My mom, my brother, and I continued to meet to discuss the details, and with each meeting, we were able to uncover more and more physician encounters that really highlighted the importance of communication, both the good and the bad. We sifted through countless physician encounters they have had through the years and identified which ones they liked more and then took it a step further to question why those encounters were more positive for Anthony and my mom.
Ultimately, it came down to communication. Physicians who spoke directly to Anthony and did not assume that he does not understand were often ones that provided better care in their eyes. Physicians who asked Anthony about his life outside of the chief complaint that brought him to the doctor formed a stronger physician-patient relationship with Anthony. Physicians who explained why they were ordering a certain test or what a certain result meant gave Anthony more control and knowledge in his healthcare.

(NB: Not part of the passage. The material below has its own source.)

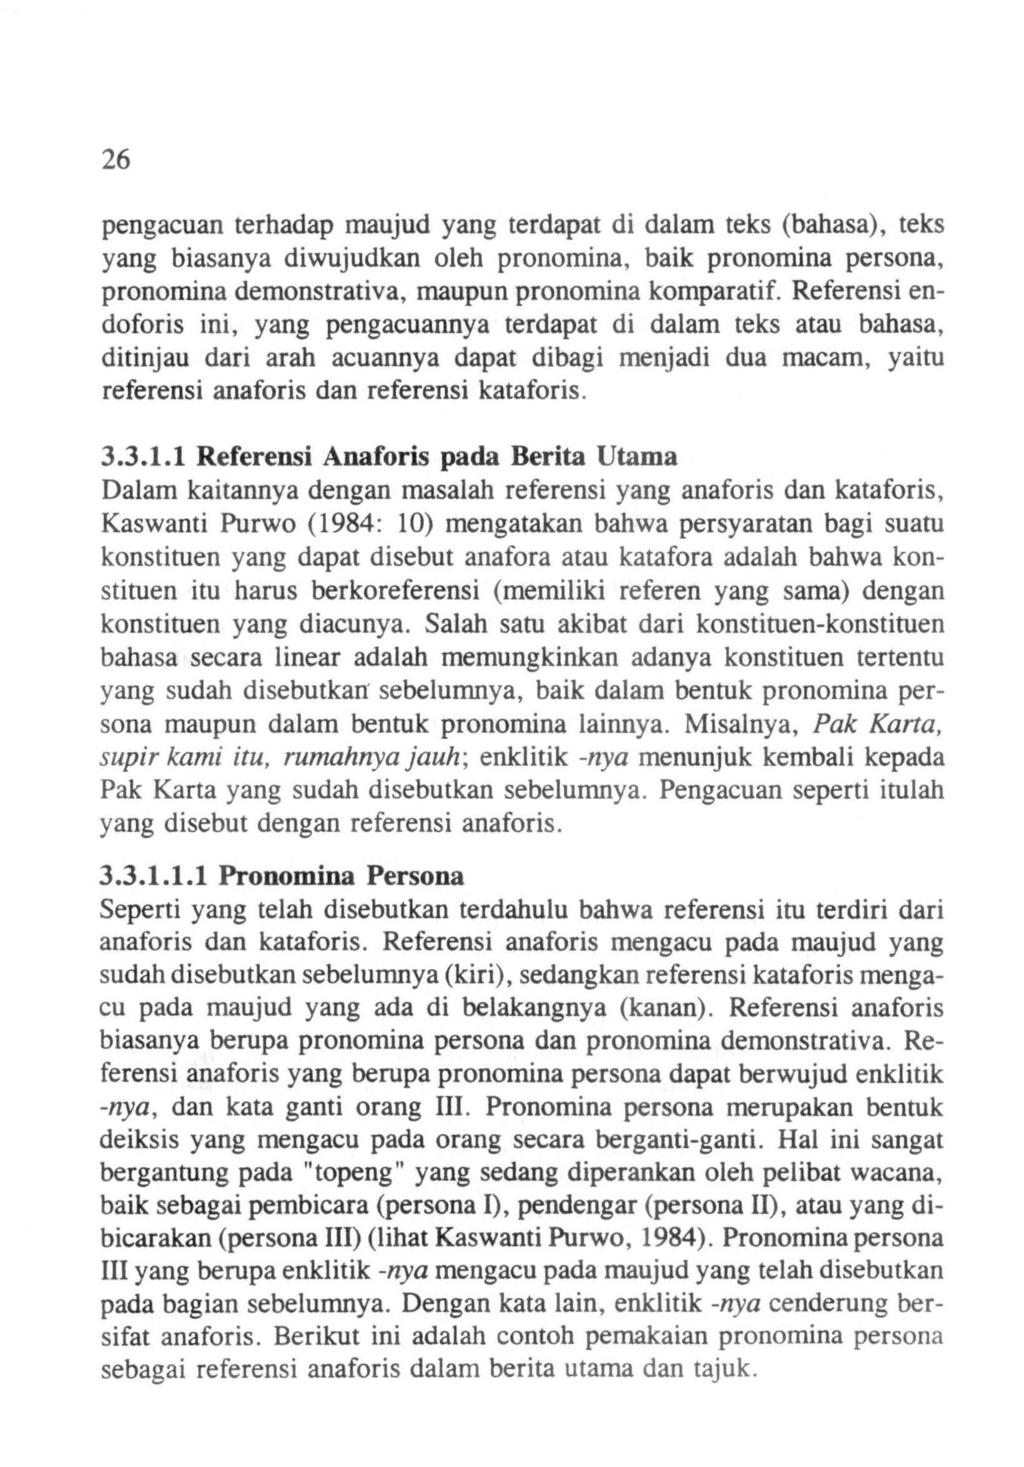 26 pengacuan terhadap maujud yang terdapat di dalam teks (bahasa), teks yang biasanya diwujudkan oleh pronomina, baik pronornina persona, pronornina demonstrativa, maupun pronornina komparatif.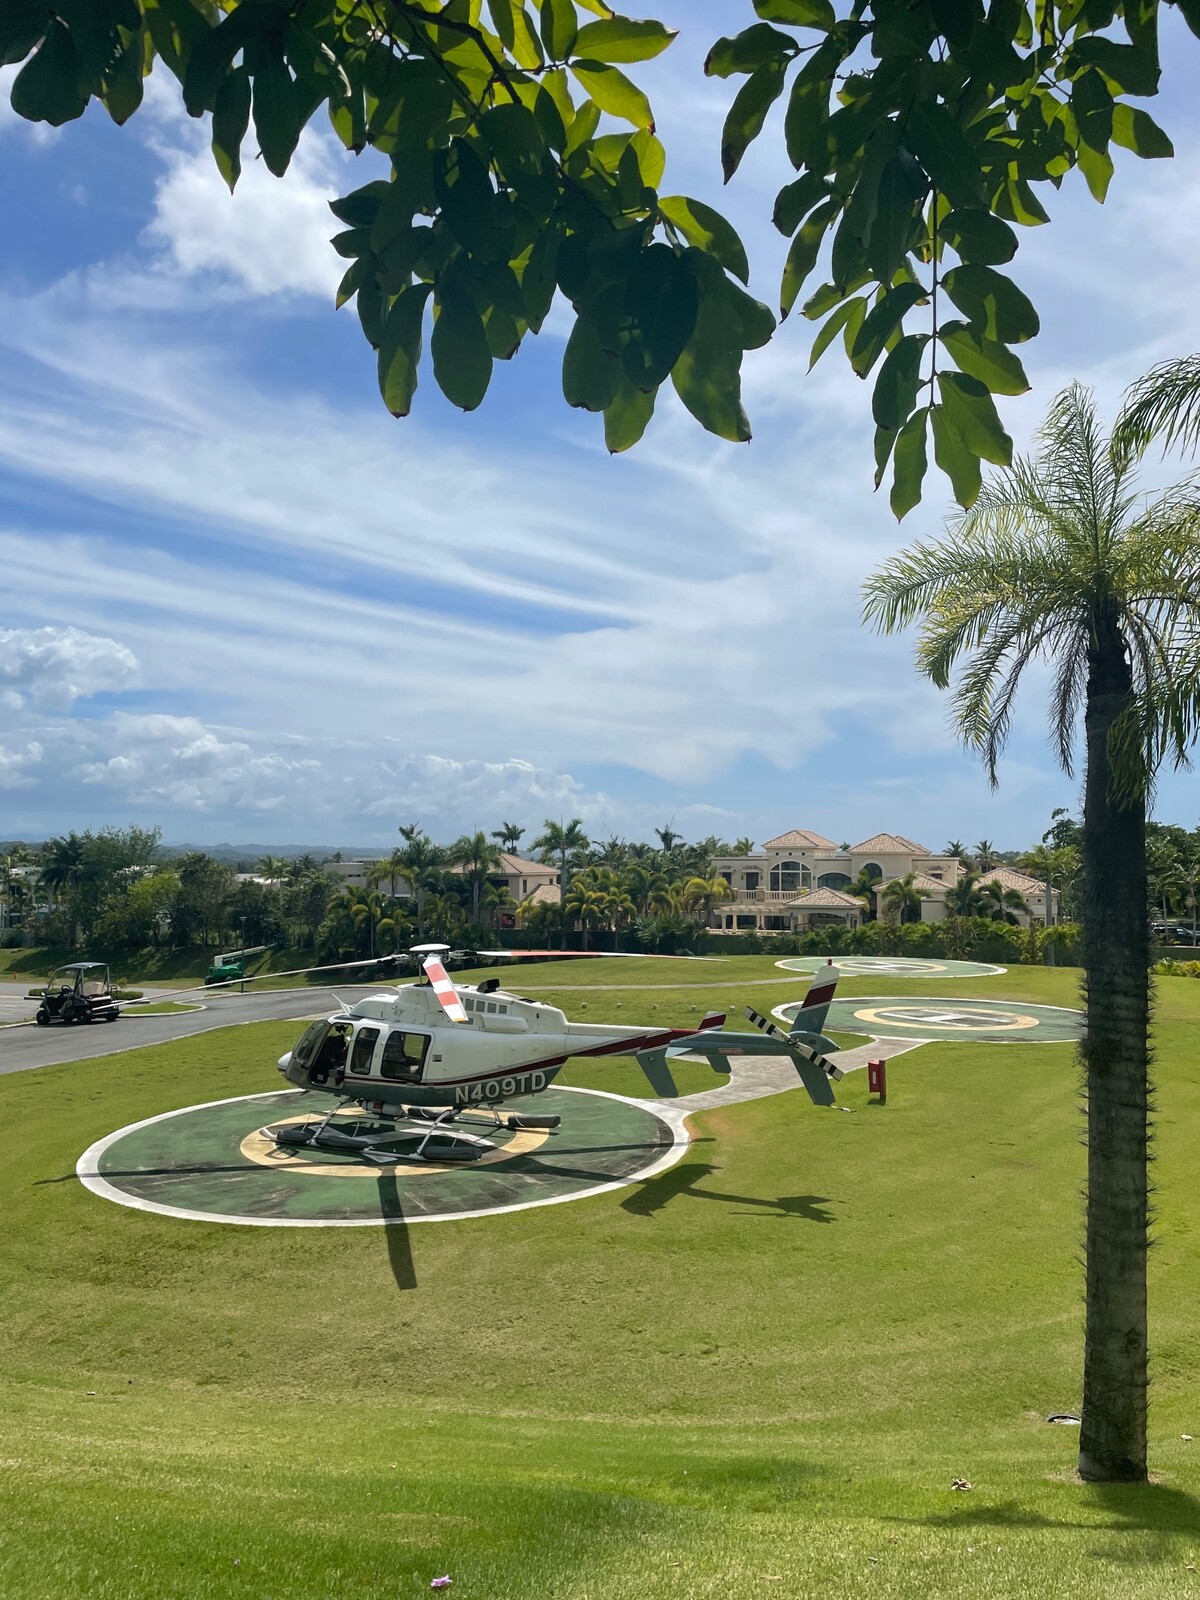 Súkromná helikoptéra v Portoriku.

Ultimately, with the help of Dr. Keller, we were able to create a presentation that highlighted all of Anthony and my mom’s experiences within the health care system, with a focus on what future physicians can do better. We incorporated a case presentation and mock interview between Anthony and Dr. Keller to demonstrate key communication strategies in real-time and really allow Anthony to share his perspective of navigating the health care system as an adult with cerebral palsy and intellectual disability.
The statements that I heard on my clinical rotations are unacceptable and there needs to be a change. At Albert Einstein College of Medicine, we are working to change this. Our school is fortunate enough to be members of the Rose F. Kennedy University Centers for Excellence in Developmental Disabilities (UCEDD) which has allowed passionate faculty, such as Dr. Vincent Siasoco and Joanne Siegel, to instill educational lectures and panel presentations into the required medical school curriculum. But there is still more that needs to be done.
During the past two years, the formation of the Einstein student chapter of the AADMD has allowed us to provide extracurricular opportunities for medical students to learn more about treating this underserved population as well as participate in volunteer events to get to know these patients outside of the clinic setting. But there is still more that needs to be done. I hope that this lecture made a small change in how some of my classmates
treat individuals with disabilities, but one lecture is not enough. There needs to be a system-wide change, allowing all physicians-in-training access to the education necessary to provide quality care for patients with I/DD.
Sam DiSalvo is an M.D. Candidate, Class of 2023, Albert Einstein College of Medicine. She is a member of Einstein’s American Academy of Developmental Medicine and Dentistry (AADMD) Student Chapter.